Upazila in Kurigram district

Char Rajibpur Upazila mauza geocode map

Char Rajibpur (চর রাজিবপুর) is an upazila of Kurigram District in the Division of Rangpur, Bangladesh.

==Geography==
Char Rajibpur is located at . It has 17,310 households and a total area 111.03 km^{2}.

==Demographics==

According to the 2022 Bangladeshi census, Char Rajibpur Upazila had 19,398 households and a population of 78,383. 10.91% of the population were under 5 years of age. Char Rajibpur had a literacy rate (age 7 and over) of 61.39%: 62.87% for males and 59.99% for females, and a sex ratio of 95.94 males for every 100 females. 37,443 (47.77%) lived in urban areas.

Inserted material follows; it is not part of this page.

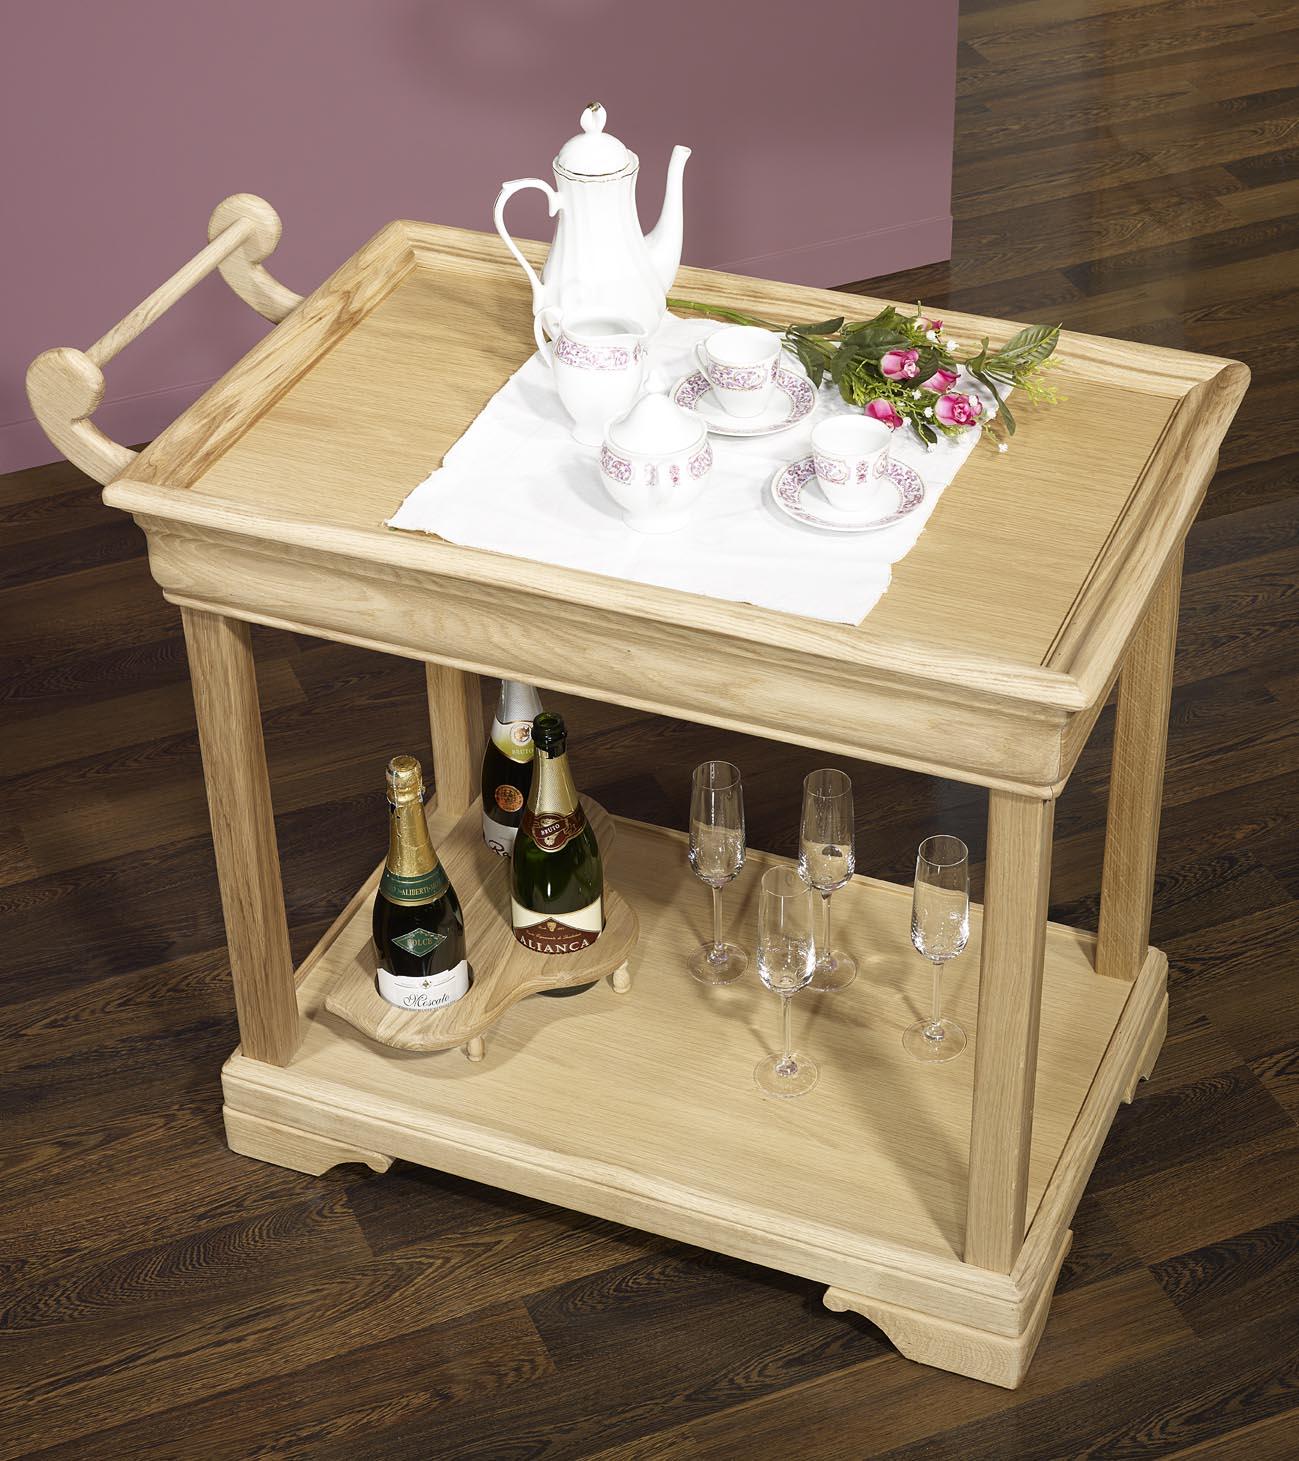 Meuble en chne table desserte roulante en chne de style - Table desserte roulante ...

According to the 2011 Census of Bangladesh, Char Rajibpur Upazila had 17,310 households and a population of 73,373. 20,456 (27.88%) were under 10 years of age. Char Rajibpur had a literacy rate (age 7 and over) of 36.53%, compared to the national average of 51.8%, and a sex ratio of 1074 females per 1000 males. 14,697 (20.03%) lived in urban areas.

As of the 1991 Census of Bangladesh, Char Rajibpur has a population of 58,049. Males constitute are 49.54% of the population, and females 50.46%. This Upazila's eighteen up population is 27,533. Char Rajibpur has an average literacy rate of 16.4% (7+ years), and the national average of 32.4% literate.

According to the 11th National Assembly elections, Rajibpur upazila has a total of 54 thousand 79 voters. Among them there are 26 thousand 535 male voters and 27 thousand 544 female voters

==Administration==
Char Rajibpur Upazila is divided into three union parishads: Rajibpur, Kodalkati, and Mohongonj. The union parishads are subdivided into 26 mauzas and 99 villages.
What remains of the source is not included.